Konsep Jaminan Dalam Hukum Islam
Secara umum jaminan dalam hukum Islam (fiqh) dibagi menjadi dua: jaminan yang berupa orang (personal guarancy) sering dikenal dengan istilah kafalah dan jaminan yang berupa harta benda dikenal dengan istilah rahn. Oleh karena itu, pembahasan berikut akan
mengulas kedua macam istilah
tersebut menurut hukum Islam.
a.
Kafalah
Kafalah menurut etimologi berarti al-dhamanah, hamalah , dan za’aamah, ketiga
istilah tersebut memilki
arti yang sama,
yakni menjamin
atau menanggung[1].
Sedangkan menurut terminologi Kafalah adalah Jaminan yang
diberikan oleh kafiil (penanggung) kepada pihak
ketiga atas kewajiban/prestasi yang harus ditunaikan pihak kedua (tertanggung).

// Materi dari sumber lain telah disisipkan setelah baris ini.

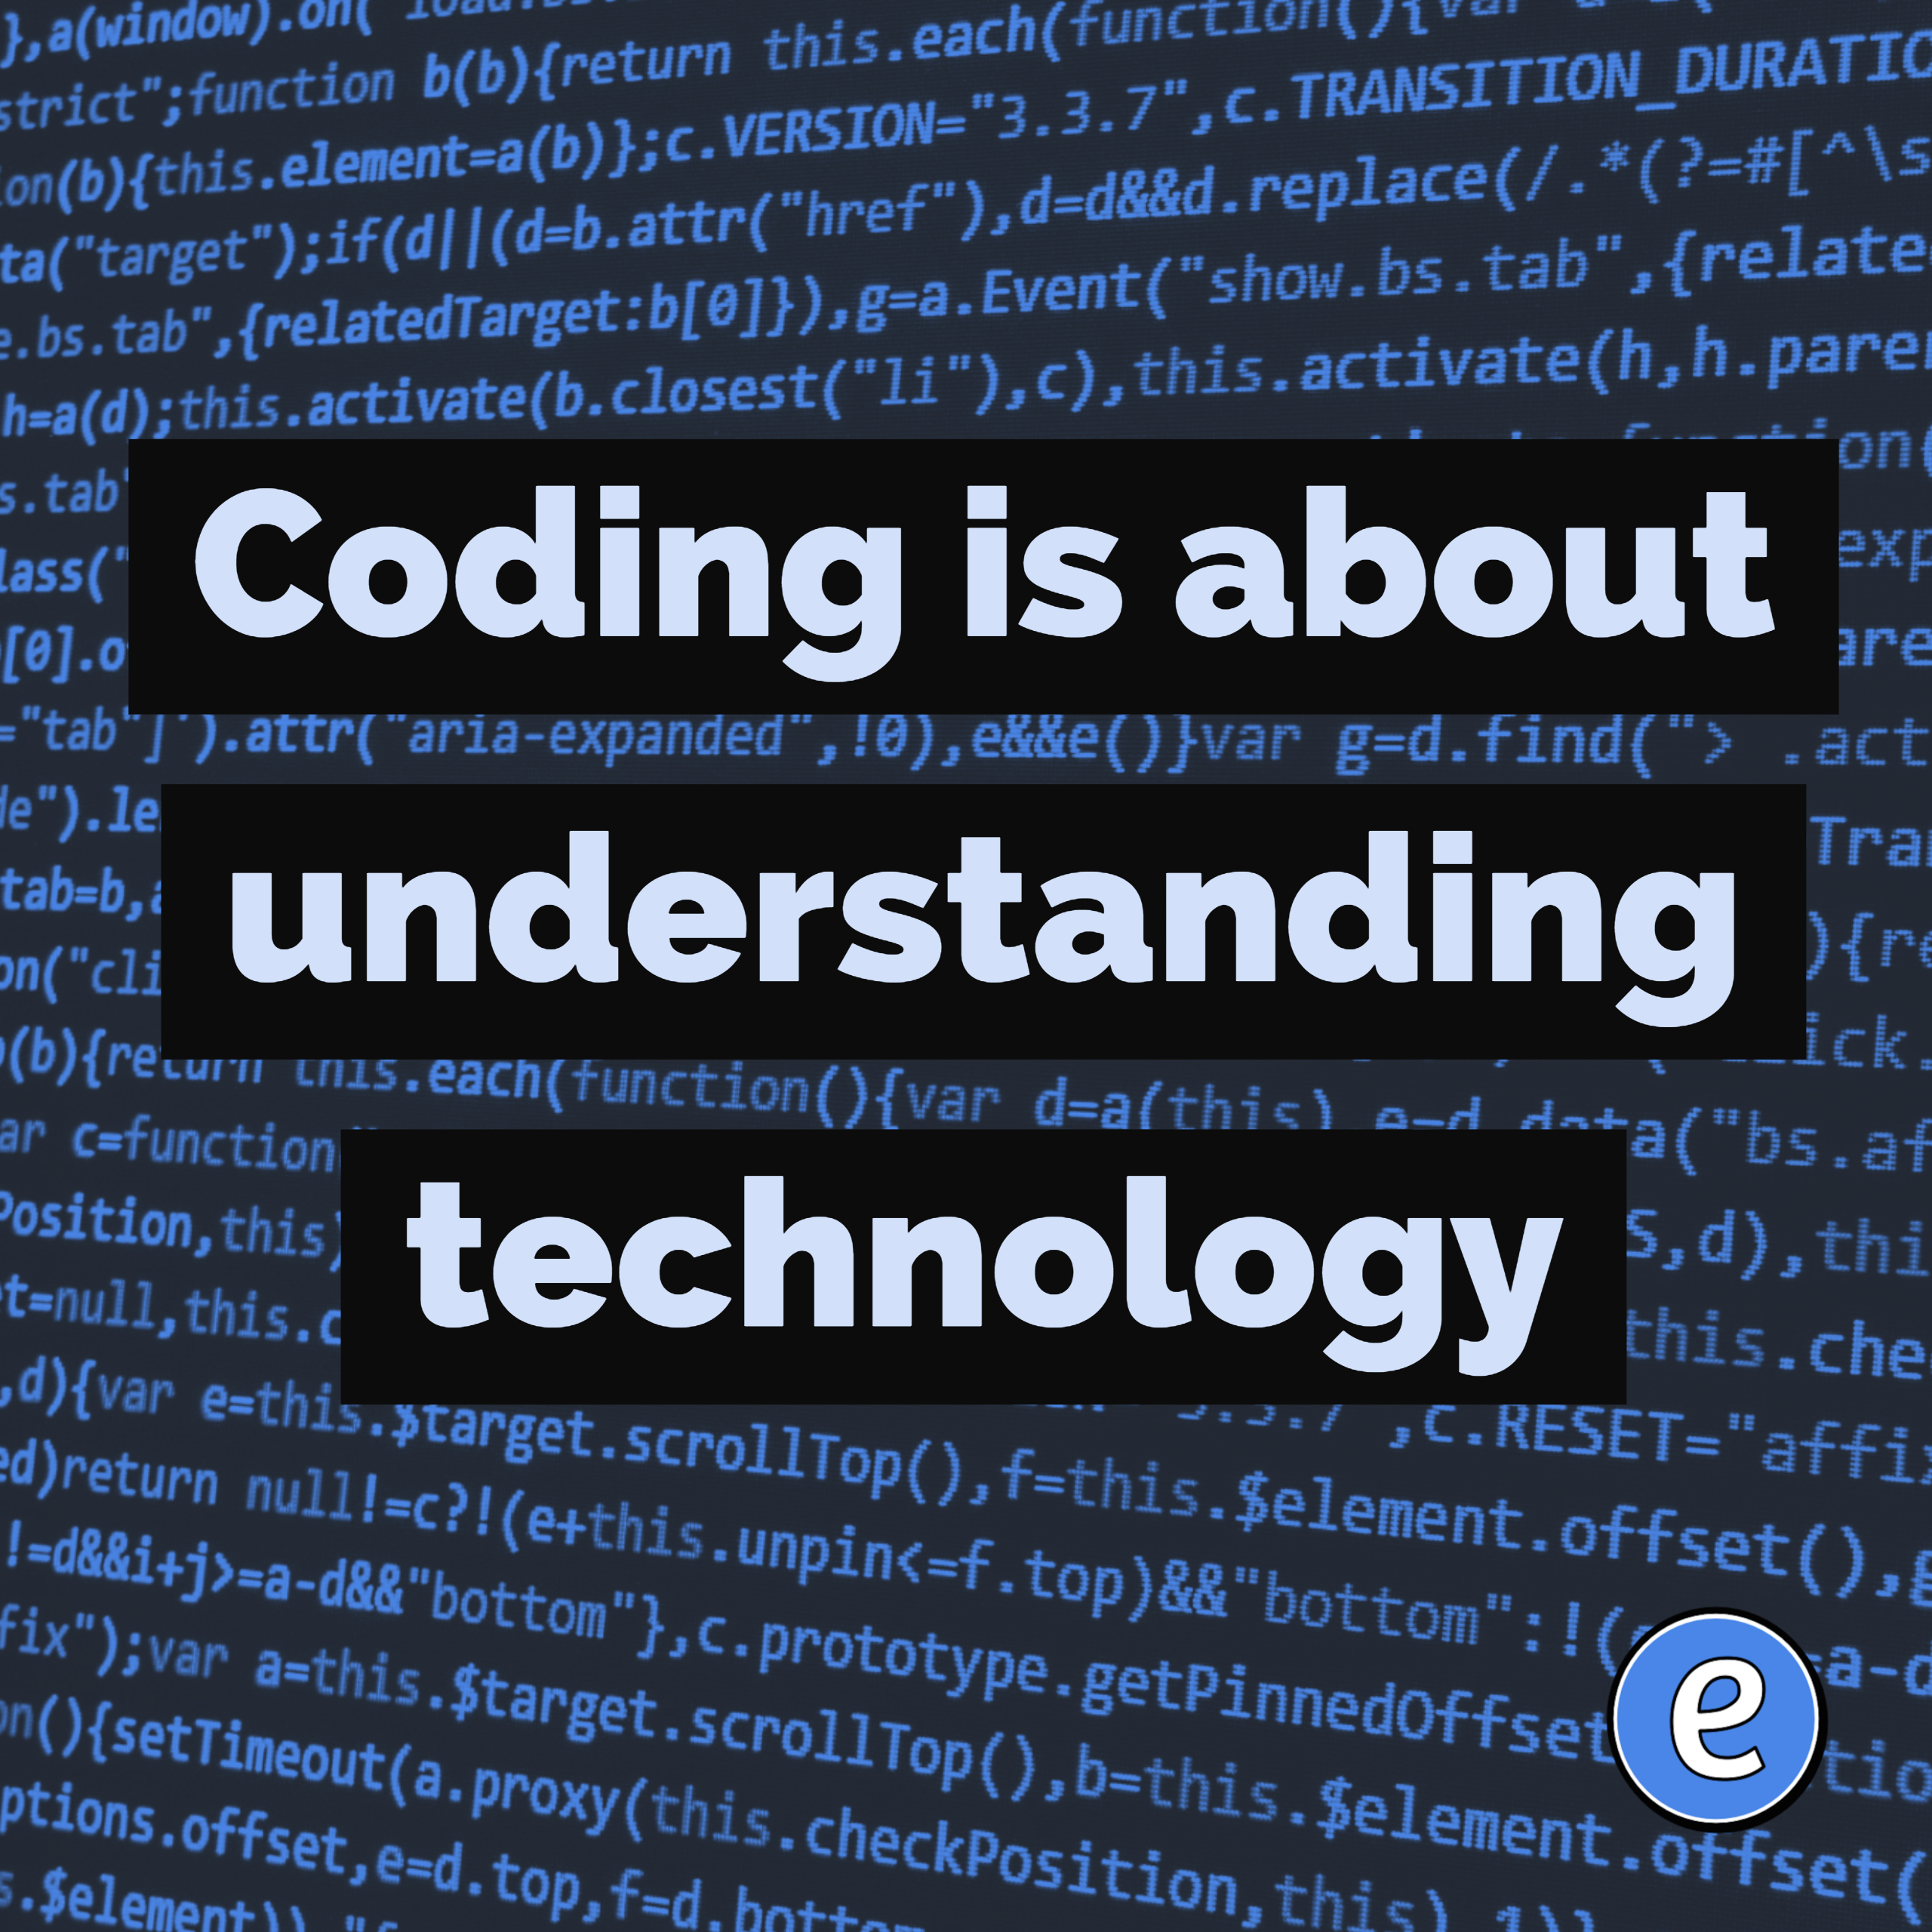 Coding is about understanding technology

Kafalah diisyaratkan oleh Allah SWT., pada
Al-Qur’an Surat Yusuf ayat 72; “Penyeru
itu berseru, Kami kehilangan piala raja dan barang siapa yang
dapat mengembalikannya akan
memperoleh makanan (seberat)
beban unta dan aku menjamin terhadapnya” dan juga
hadist Nabi
saw; “Pinjaman
hendaklah dikembalikan dan
yang menjamin hendaklah membayar” (H.R. Abu Dawud).
Kafalah dinilai sah menurut hukum Islam kalau
memenuhi rukun dan syarat
, yaitu:
1)
Kafiil (orang yang menjamin),
disyaratkan sudah baligh, berakal,tidak
dicegah membelanjakan harta (mahjur) dan
dilakukan dengan kehendaknya sendiri.
2)
Makful lah (orang yang berpiutang/berhak menerima jaminan), syaratnya
ialah diketahui oleh
orang yang menjamin,
ridha (menerima), dan ada ketika terjadinya akad
menjaminan.
3)
Makful ‘anhu (orang yang berutang/yang dijamin), disyaratkan diketahui oleh yang menjamin, dan masih
hidup (belum mati).
4)
Madmun bih atau makful bih
(hutang/kewajiban yang dijamin), disyaratkan; merupakan hutang/prestasi yang harus dibayar atau dipenuhi,
menjadi tanggungannya (makful
anhu), dan
bisa diserahkan oleh
penjamin (kafiil).
5)
Lafadz ijab qabul, disyaratkan
keadaan lafadz itu
berarti menjamin, tidak digantungkan
kepada sesuatu dan tidak berarti sementara.[2]
Kafalah dibagi menjadi dua bagian, yaitu
kafalah dengan jiwa (kafalah bi al-nafs) dan kafalah dengan harta (kafalah bi al-maal). Kafalah dengan jiwa dikenal pula dengan Kafalah bi al-Wajhi, yaitu adanya kesediaan pihak penjamin (al-Kafil, al-Dhamin atau
al-Za’im) untuk menghadirkan orang yang ia tanggung kepada yang ia janjikan tanggungan (Makful lah).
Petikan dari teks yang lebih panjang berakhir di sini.